These contextual data describe the purpose of sampling, and the sampling strategy for the collection from which each isolate is derived. Please complete one row per isolate.

Variable fields, and guidance for completing them, are summarised in the table below. Definitions and detailed examples are also shown below the table.

Status Variable Definition Guidance Value format
REQUIRED Purpose of sampling Primary purpose for sampling bacterial isolates Indicate the primary purpose for the collection and sequencing of these isolates (e.g., routine diagnostics, outbreak investigation, research). Choose from the list, or if none of the values are appropriate, provide the reason as free text. Definitions are shown below this table. Routine diagnostics and / or infection control | Routine surveillance | Outbreak investigation / outbreak-initiated surveillance | Research | {text}
REQUIRED Study population Population from which bacterial isolates were sampled Give details about the population of hosts or environments represented in the sample (e.g., Hospital patients, Neonates, Hospital wastewater). This information is essential to inform the inclusion and exclusion of studies for aggregate or comparative epidemiological analyses. Choose common values from the list, or if none of the values are appropriate, enter the information as free text. Multiple values can be specified (comma-separated). Hospital patients | Intensive Care Unit (ICU) patients | Primary care patients | Community participants | Neonates | Clinical environment: sinks and drains | Clinical environment: surfaces | Medical devices | Hospital wastewater | Wastewater (not hospital) | Fresh water | Seawater | Soil | Rhizosphere | Plants | Livestock | Companion animals | Captive animals | Wild animals | Food | {text}
REQUIRED Target epi Broad epidemiological category of the study Indicate the broad epidemiological category of the study (e.g., Host colonisation, Host infection, Environmental). This information is useful to inform aggregate or comparative analyses of disease-associated vs non-disease associated isolates. Choose from the list, or if none of the values are appropriate, enter the information as free text. Host infection | Host colonisation | Environmental | Host infection & colonisation | Host infection, colonisation & environmental | {text}
REQUIRED if target epi includes 'Host infection' Selected by clinical phenotype Flag to indicate whether isolates were selected for inclusion on the basis of host clinical phenotype Indicate whether isolates were selected for inclusion on the basis of host clinical phenotype (e.g., bloodstream infection, liver abscess, severe infection) or choose 'NOT selected' if no selection was applied. Choose from the list. This information is essential to inform studies focussed on specific infection types or disease severity. E.g., to determine serotype distributions among invasive infection isolates or compare rates of drug resistance among blood stream infections. The specific phenotype used for selection can be indicated in the 'selected clinical phenotype' field.
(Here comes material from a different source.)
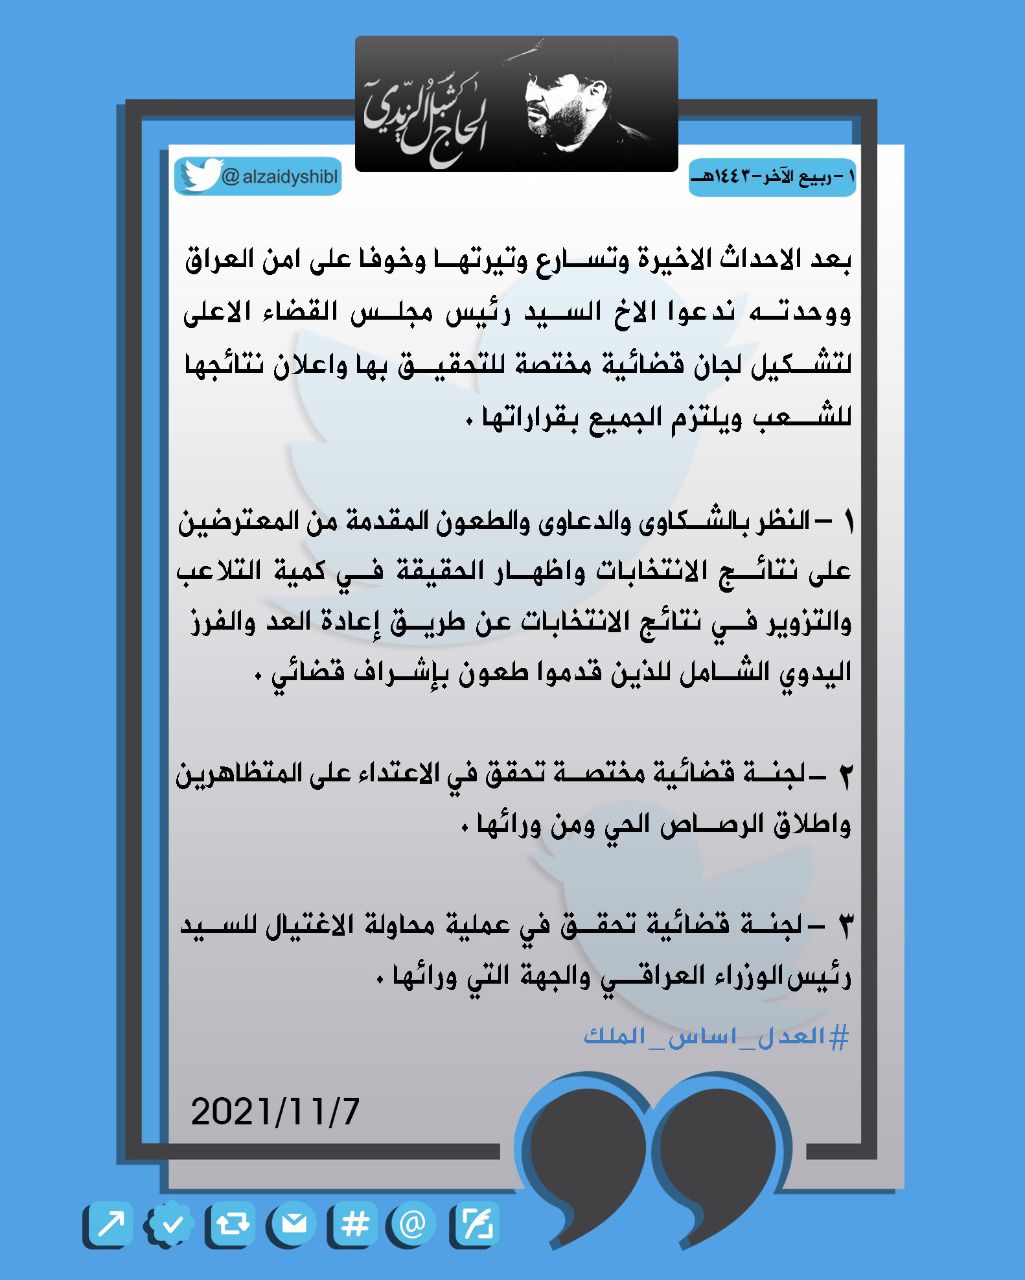 المجاهد شبل الزيدي في تغريدة له يطالب بلجنة تحقيق حول الاحداث الجارية وماحدث لمنزل رئيس الوزراء

Selected by clinical phenotype | NOT selected by clinical phenotype
REQUIRED if selected by clinical phenotype = 'Selected by clinical phenotype' Selected clinical phenotype Clinical phenotype used to select isolates for inclusion Indicate the specific clinical phenotype that was used to select samples for collection and/or sequencing. Choose common values from the list, or if none of the values are appropriate, enter the information as free text. Multiple values can be specified (comma-separated). Liver abscess | Invasive infection | Bloodstream infection | Respiratory infection | Urinary tract infection | Healthcare-associated infection | Community acquired infection | Severe disease | {text}
REQUIRED Selected by organism trait Flag to indicate whether isolates were selected for inclusion on the basis of microbial trait Indicate if samples were selected for inclusion on the basis of a microbial phenotype or genotype (e.g., specific drug resistance or serotype, presence of a specific gene) or choose 'NOT selected' if no selection was applied. Choose from the list. This information is essential to inform studies aiming to estimate the prevalence of microbial phenotypes / genotypes by study populations, geographies, etc. For example, to estimate national prevalence of ceftriaxone or carbapenem resistant isolates. The specific phenotype or genotype used for selection can be indicated in the 'selected organism trait' field. Selected by organism trait | NOT selected by organism trait
REQUIRED if selected by organism trait = 'Selected by organism trait' Selected organism trait Microbial trait used to select isolates for inclusion Indicate the specific microbial phenotype or genotype that was used to select isolates for collection and/or sequencing. Choose common values from the list, or if none of the values are appropriate, enter the information as free text. Multiple values can be specified (comma-separated). Ceftriaxone resistance | Carbapenem resistance | Drug resistance (not ceftriaxone or carbapenem) | ESBL producers | Carbapenemase producers | KPC positive | NDM positive | iuc (aerobactin) positive | iro (salmochelin) positive | rmpA positive | peg-344 positive | OXA positive | String-test positive | Hypermucoviscous by low-speed centrifugation | Hypermucoviscous by Percoll-gradient sedimentation | 7-gene multi-locus sequence type | Serotype | {text}
RECOMMENDED Sampling period start Start date for the sampling period Indicate when the sample collection began (YYYY, or YYYY-MM or YYYY-MM-DD). This information is useful for understanding the temporal coverage of data to inform trend analysis. {ISO format}
RECOMMENDED Sampling period end End date for the sampling period Indicate when the sample collection ended (YYYY, or YYYY-MM or YYYY-MM-DD). This information is useful for understanding the temporal coverage of data to inform trend analysis. If collection and sequencing are on-going, leave this field blank. {ISO format}

Term definitions for purpose-of-sampling

Routine diagnostics and / or infection control

Samples collected through the routine and ongoing activities of clinical or veterinary microbiology laboratories for the purposes of clinical diagnosis and/or infection control. This may include isolates confirmed as infecting agents and/or those considered asymptomatic or environmental colonisers. E.g., isolates identified from hospital sinks or patient screening swabs as part of routine infection prevention and control procedures.

Routine surveillance

Samples collected through the routine and ongoing activities of other laboratories (not clinical or veterinary microbiology laboratories) and/or collected for purposes other than clinical diagnostics and infection control, e.g., laboratories processing samples from non-healthcare environmental sources or food products.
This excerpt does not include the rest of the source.